Ничего определенного Лиличка не говорит. Обещает подумать, все прикидывает и прикидывает в голове, где я собираюсь ее кинуть, и можно ли действительно согласиться на мое предложение. Поначалу прикидывает молча, потом начинает делиться соображениями. А еще позже – это уже будучи глубоко не в себе, от преподнесенных «угощений», – Лиличка впадает в форменную истерику. Выясняется, что церберша моя тоже не железная, что она тоже страшно измоталась, что она тоже хочет жить… Обе мы уже изрядно не в себе. Лиличка – совершенно, а я – приблизительно.

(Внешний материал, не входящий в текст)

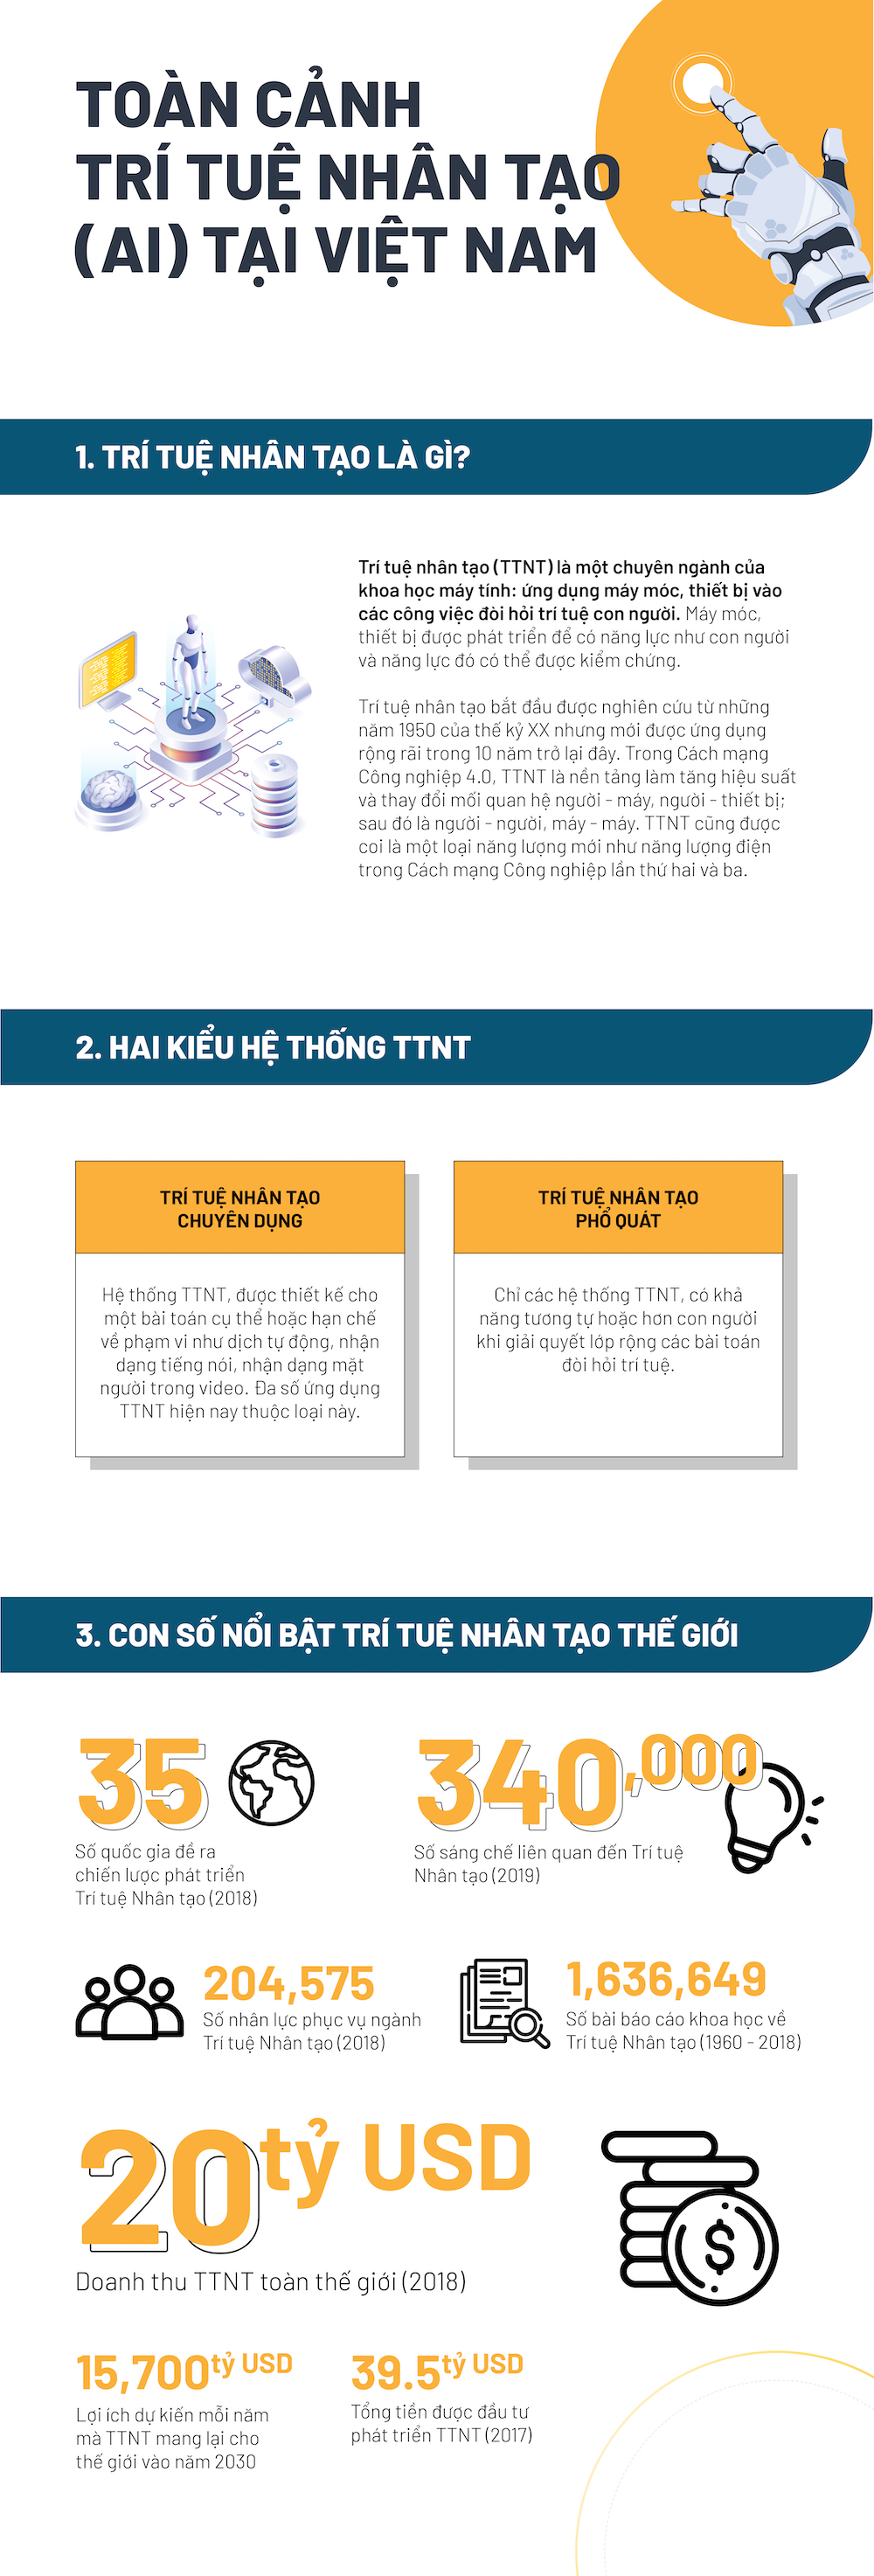 [Infographic] Toàn cảnh sự phát triển của trí tuệ nhân tạo tại Việt Nam - 1

– Устала, устала врать, устала пахать, как проклятая! – рыдает она, ничуть не смущаясь окружающих… Официант регулярно меняет пепельницу, приносит новые салфетки, но успокоительное не рекомендует. Видать, привыкший. Видать, после «угощений» здесь частенько такое бывает с дамами. – А все для чего? – орет Лиличка. – Чтоб было зачем жить. А ведь это – бред. Потому что жить на самом деле незачем! Артур-ублюдок предупреждал, что когда учишься управлять чужими жизнями, понимаешь отсутствие в них – в жизнях – ценности. И свою уже тоже воспринимаешь, как игрушку. Захочешь, попыхтишь, нагнешь кого-то, напряжешься – станешь кем угодно, расслабишься – пойдешь на дно. Вот и все законы. Скучно, жестоко, муторно… Предупреждал, а сам как раз нагибал меня. И не где-нибудь – на заднем сидении машины Геннадия, который буквально на пару минут по делам с водителем выскочил… Нагибал и шарил пальцем под платьем. Жал там на что-то многозначительно, думал, ас в женской физиологии. Да только ни фига он не ас – и давил не туда, и сжимал не так… Понты одни. Но я виду, конечно, не подала, зачем расстраивать мальчика. Ему так хотелось произвести впечатление. Тем более, за смелость надо было поощрить. Ведь додумался же, ведь решился же, почти на глазах у Геника, а?! Поощрила. Катались по сидению, как дикие звери! И как только нас никто не застукал за тем катанием…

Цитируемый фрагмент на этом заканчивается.